Dilemmas like this one are the driving force behind the adoption of new technologies that mitigate data retention challenges and truly enable data analytics at scale.
How Does ChaosSearch Impact Cloud Data Retention & Analysis?
ChaosSearch brings a new approach to data analysis that gives organizations more streamlined and cost-effective access to analyze the massive quantities of data they have retained in the cloud. This approach consists of three key innovations:
Chaos Index® - Chaos Index® is a new multi-model data format that delivers high performance querying and extreme data compression. Chaos Index® supports both text search and relational queries, and enables organizations to discover, normalize, and index data autonomously and at scale.
Chaos Fabric® - Chaos Fabric® delivers containerized orchestration of Chaos Index® core functions: indexing, searching, and querying data. This feature eliminates resource contention and makes Chaos Index® functions high-performance and cost-effective at scale.
Chaos Data Refinery - Chaos Refinery® allows end-users to clean, prepare, and transform data without any data movement out of Amazon S3 buckets. Users can interact with real-time data and create visualizations using existing tools like Kibana.
ChaosSearch runs as a managed service with Amazon S3 as the sole backing store for data.
Users continue to benefit from the cost economics and unlimited data storage of Amazon S3 - but they also get the ability to search, query, and analyze their log data at scale using ChaosSearch.
As a result, users of ChaosSearch no longer have to choose between limiting their cloud data retention or adding complexity to their log analytics solution.
Cloud data retention is a growing concern for enterprise organizations who are producing large volumes of data in increasingly complex cloud environments.

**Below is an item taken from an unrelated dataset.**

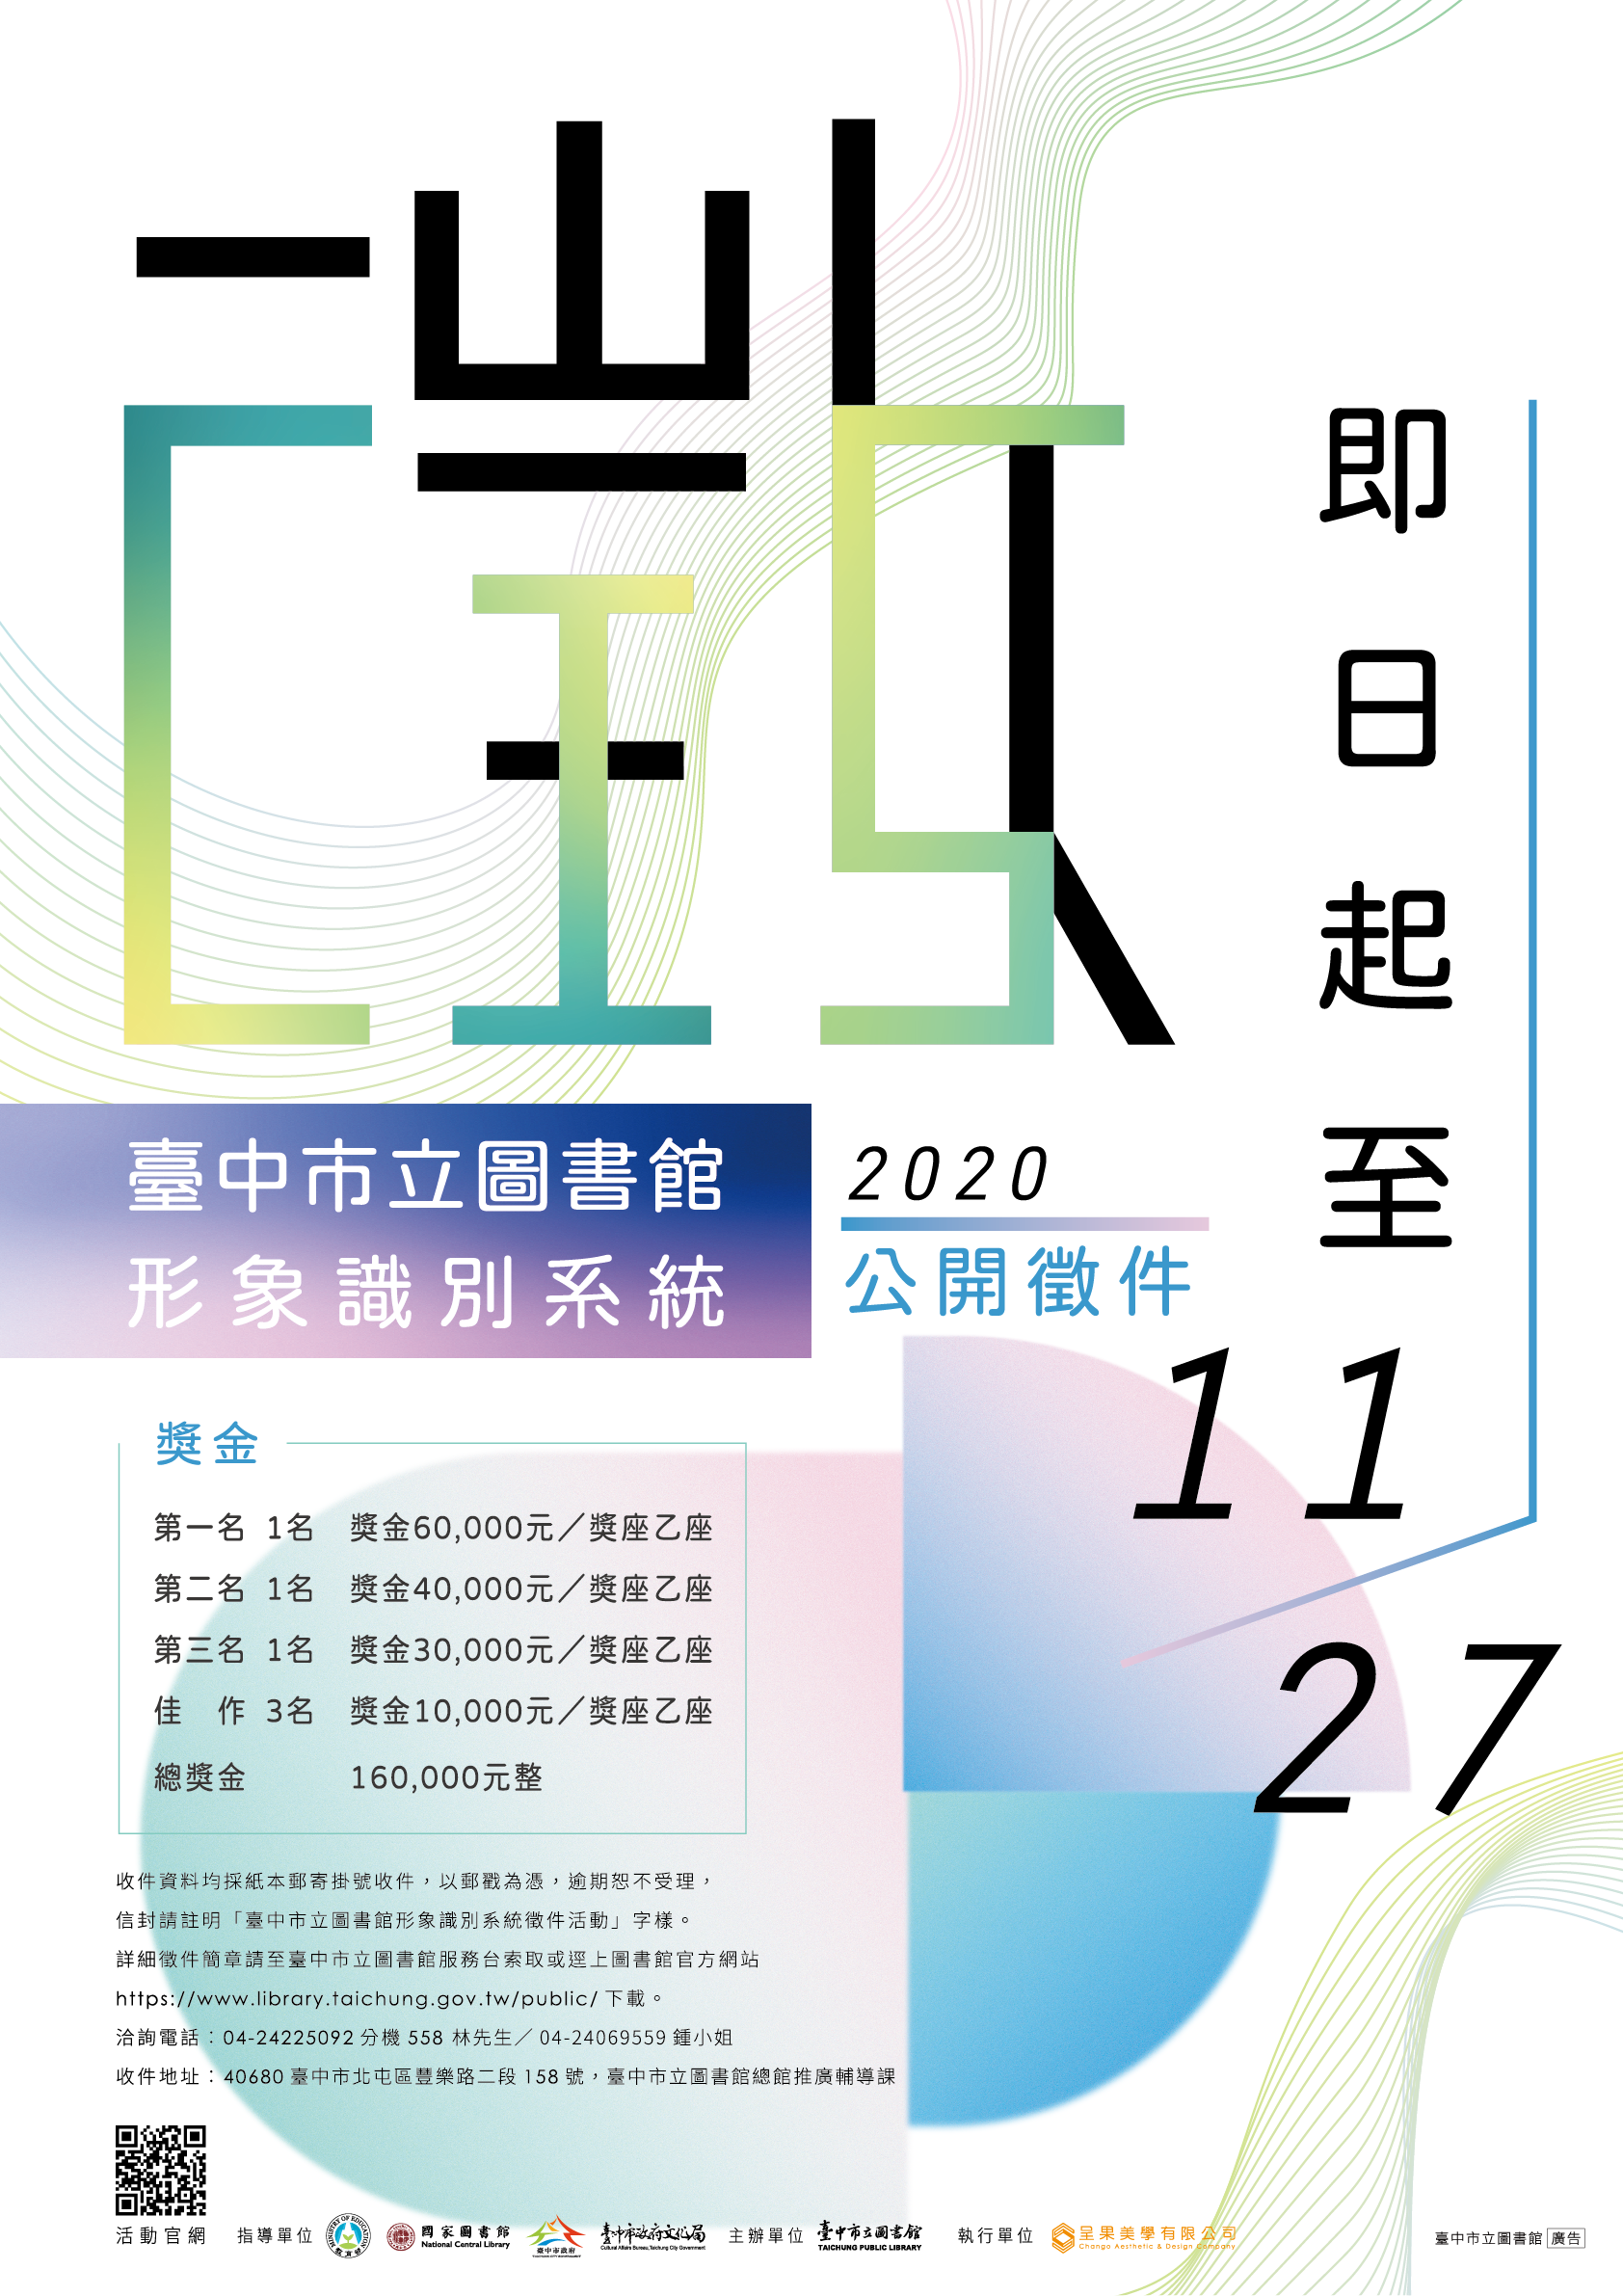 臺中市立圖書館 形象識別系統CIS徵件活動海報

Cloud data retention solutions include object storage, file storage, and block storage, with popular solutions that include Amazon S3, Amazon EFS, and Amazon EBS. Organizations who use an ELK Stack for log analytics often depend on Lucene indices, which can be problematic at scale, for long-term storage of log files in the cloud.
While expanding cloud data retention is important for compliance management, litigation protection, and supporting IT functions, most organizations don’t have the ability to truly analyze that data at scale. This leaves organizations to choose between reducing their cloud data retention or scaling up their log analytics solutions.
ChaosSearch is solving for data analysis at scale with new technology that leverages the cloud’s unlimited data retention and performs cost-effective log analysis directly in the cloud.